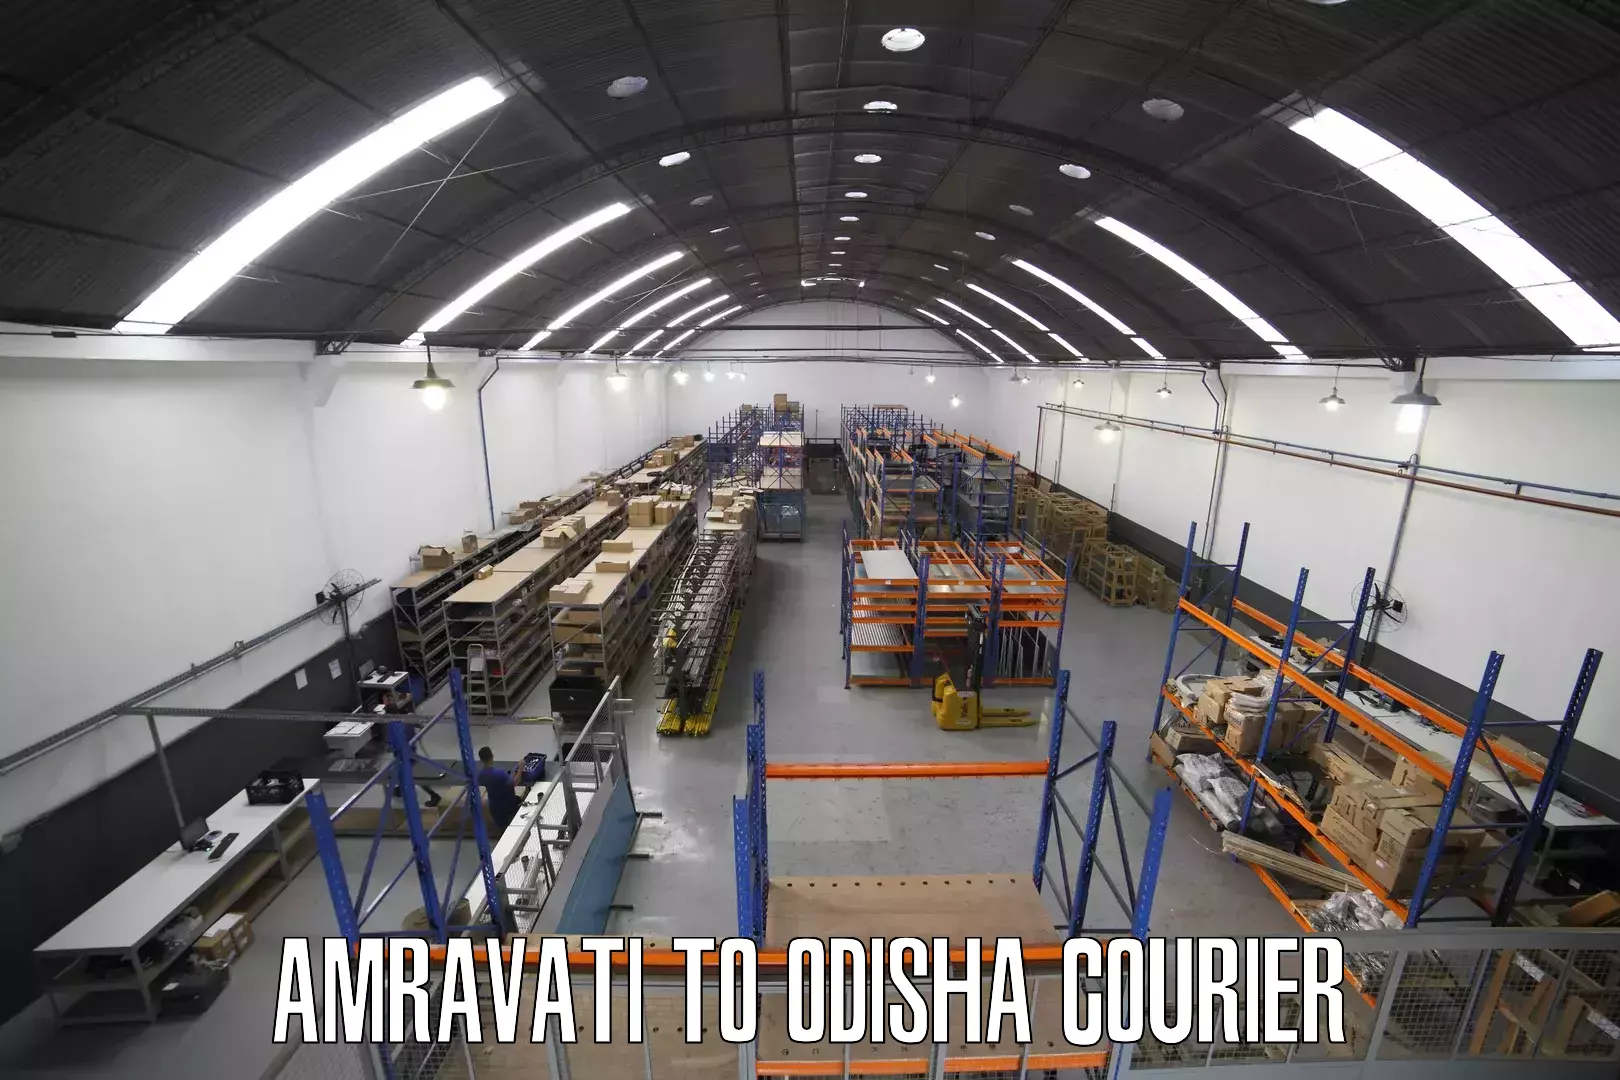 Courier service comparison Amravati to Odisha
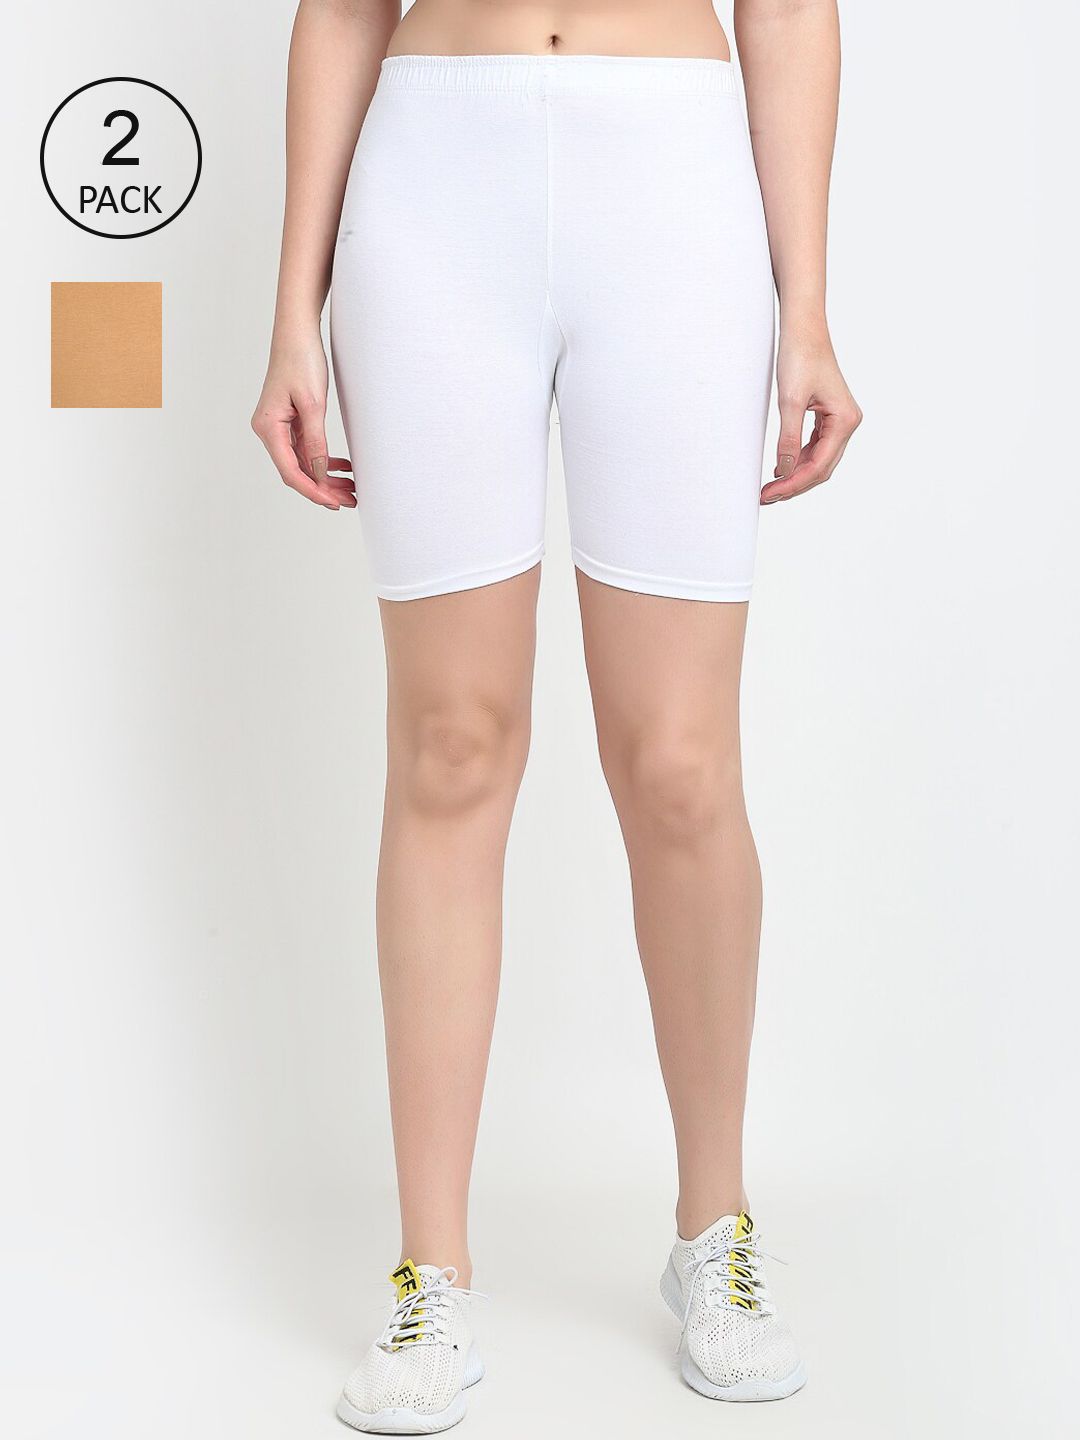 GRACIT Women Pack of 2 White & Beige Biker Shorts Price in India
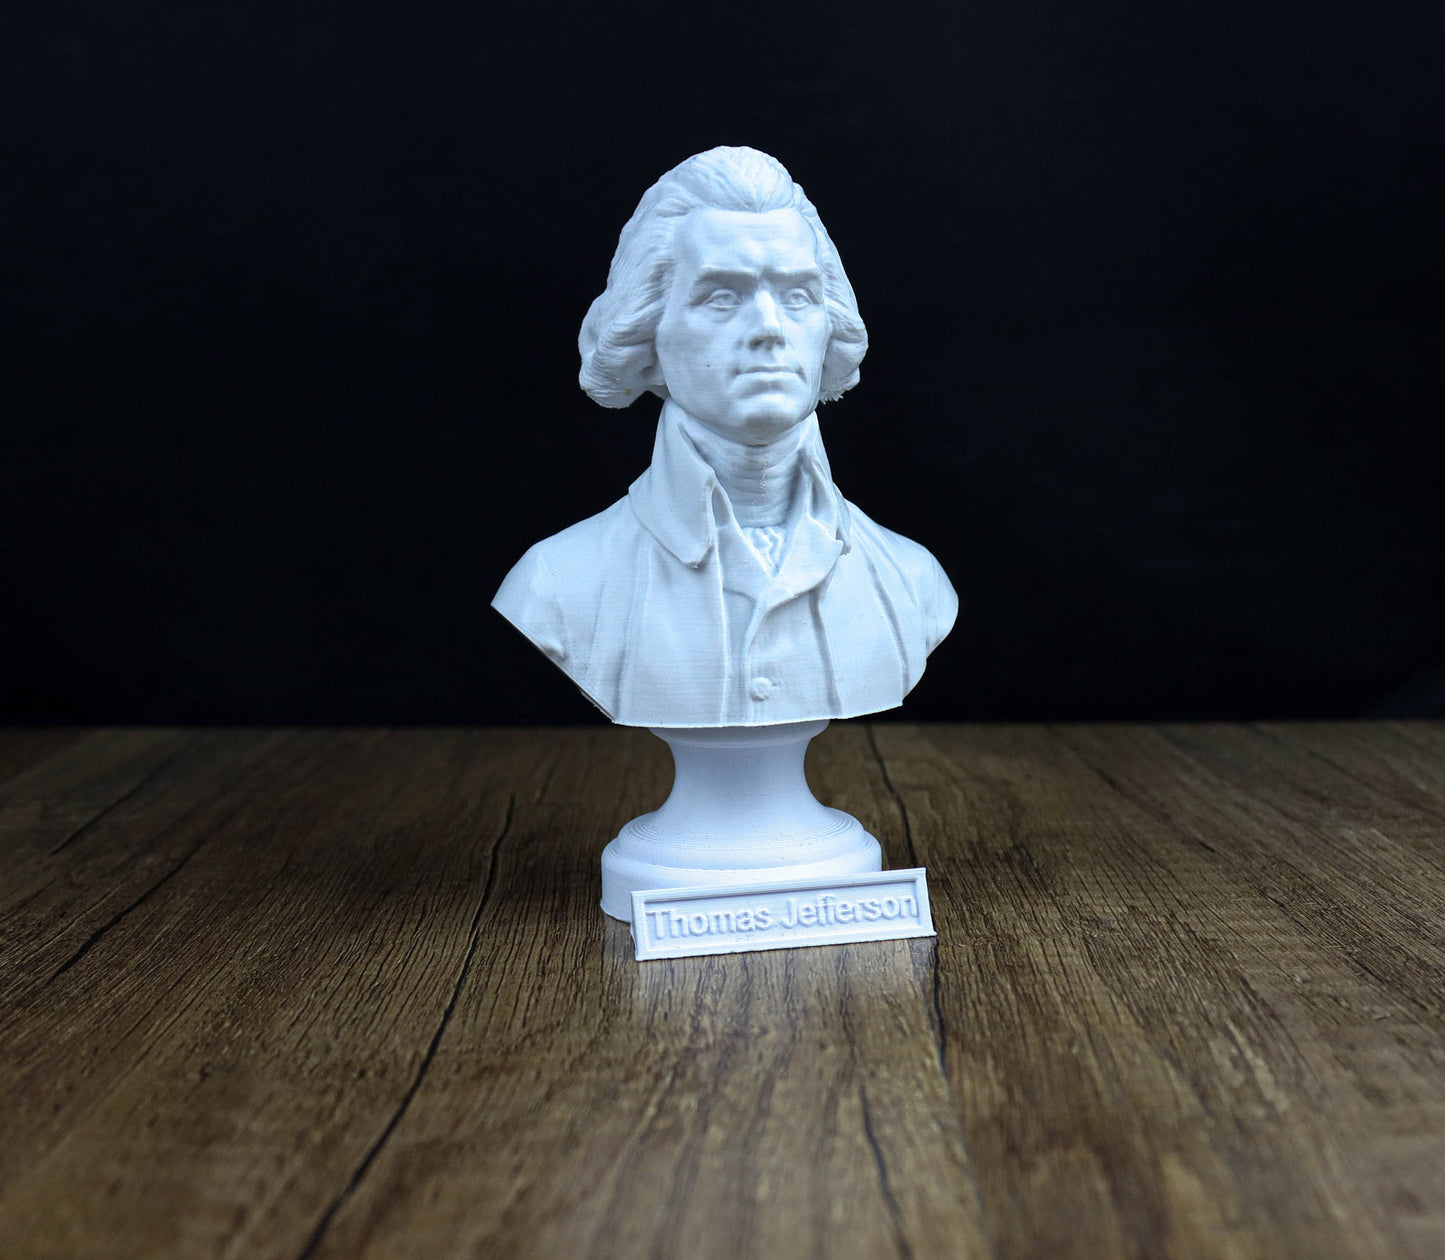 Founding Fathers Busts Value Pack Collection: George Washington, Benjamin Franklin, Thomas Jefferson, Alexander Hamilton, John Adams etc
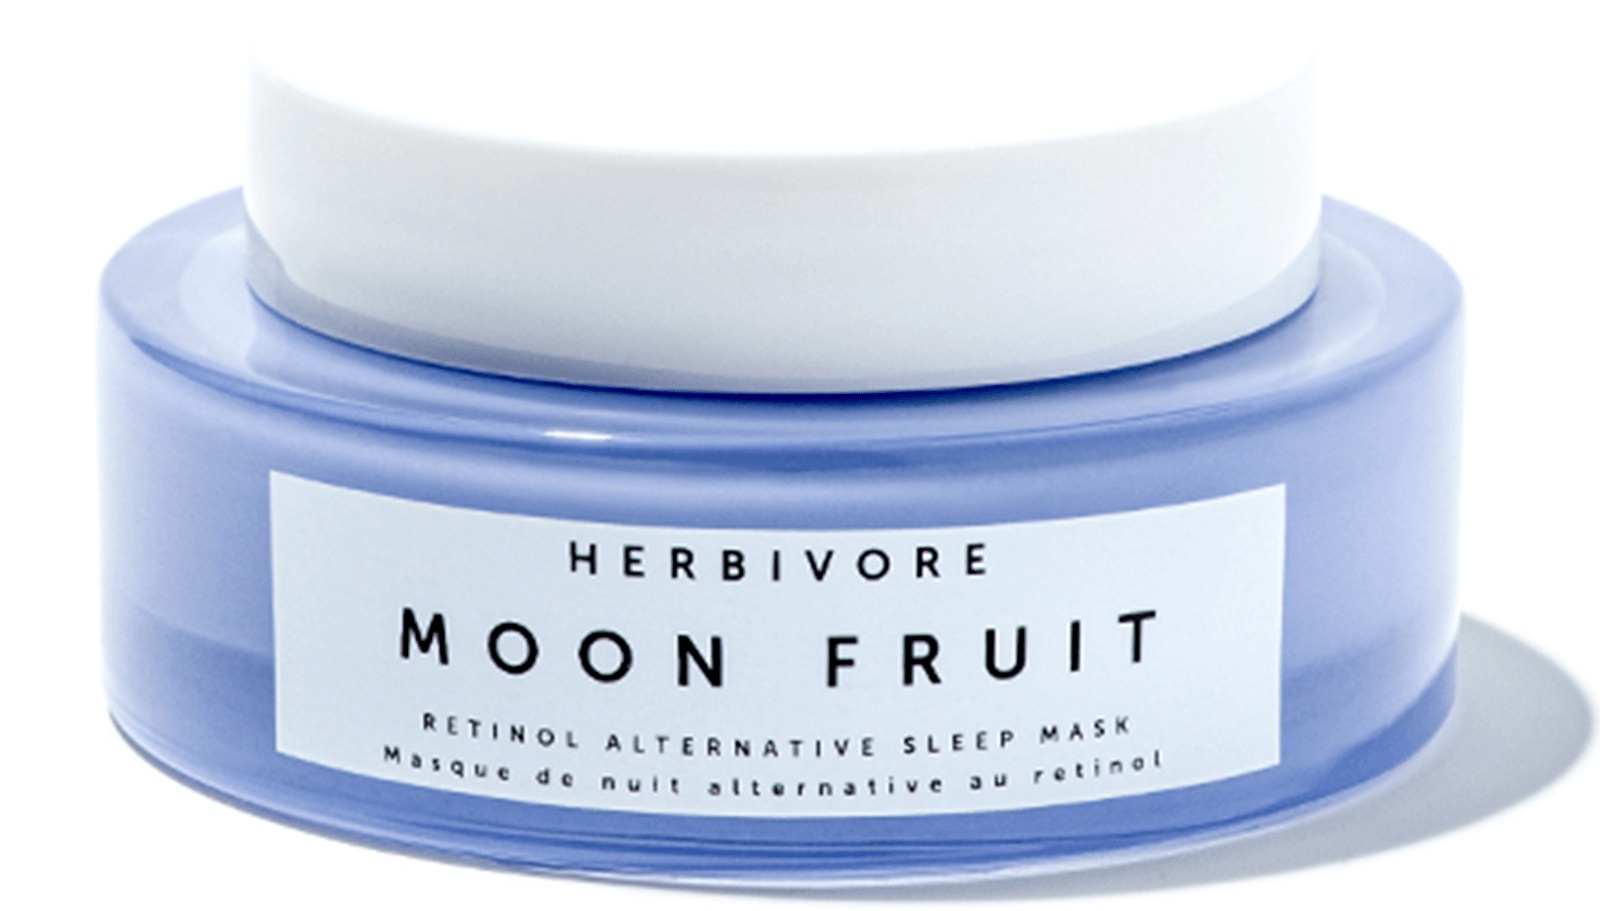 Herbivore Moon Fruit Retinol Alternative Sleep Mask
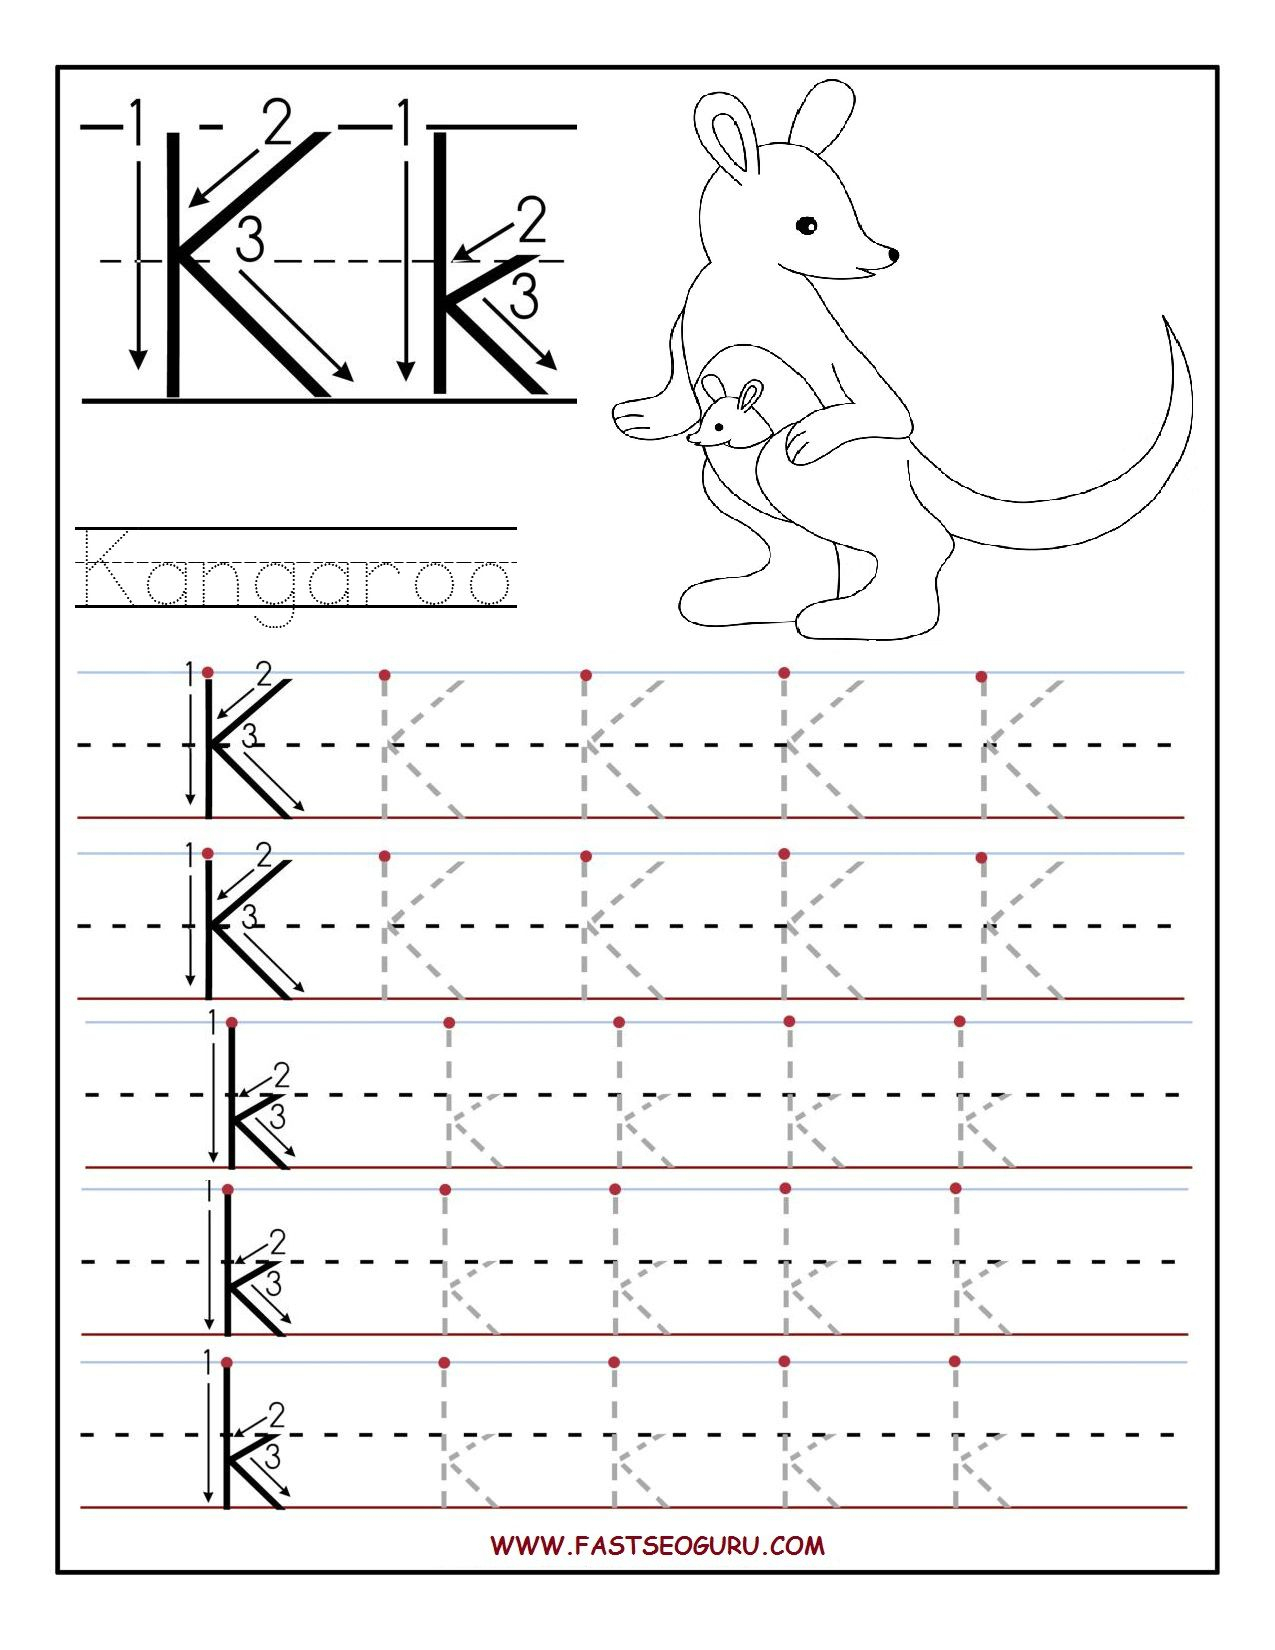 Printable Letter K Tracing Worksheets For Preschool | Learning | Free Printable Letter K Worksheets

| YOUR ASSIGNMENT |
Needed here is only the span from the line with "Herbivore Moon Fruit" through the last line of the entries, copied exactly with both ends and without pictures.

| RESPONSE AREA |
 Herbivore Moon Fruit Retinol Alternative Sleep Mask
 Printable Letter K Tracing Worksheets For Preschool | Learning | Free Printable Letter K Worksheets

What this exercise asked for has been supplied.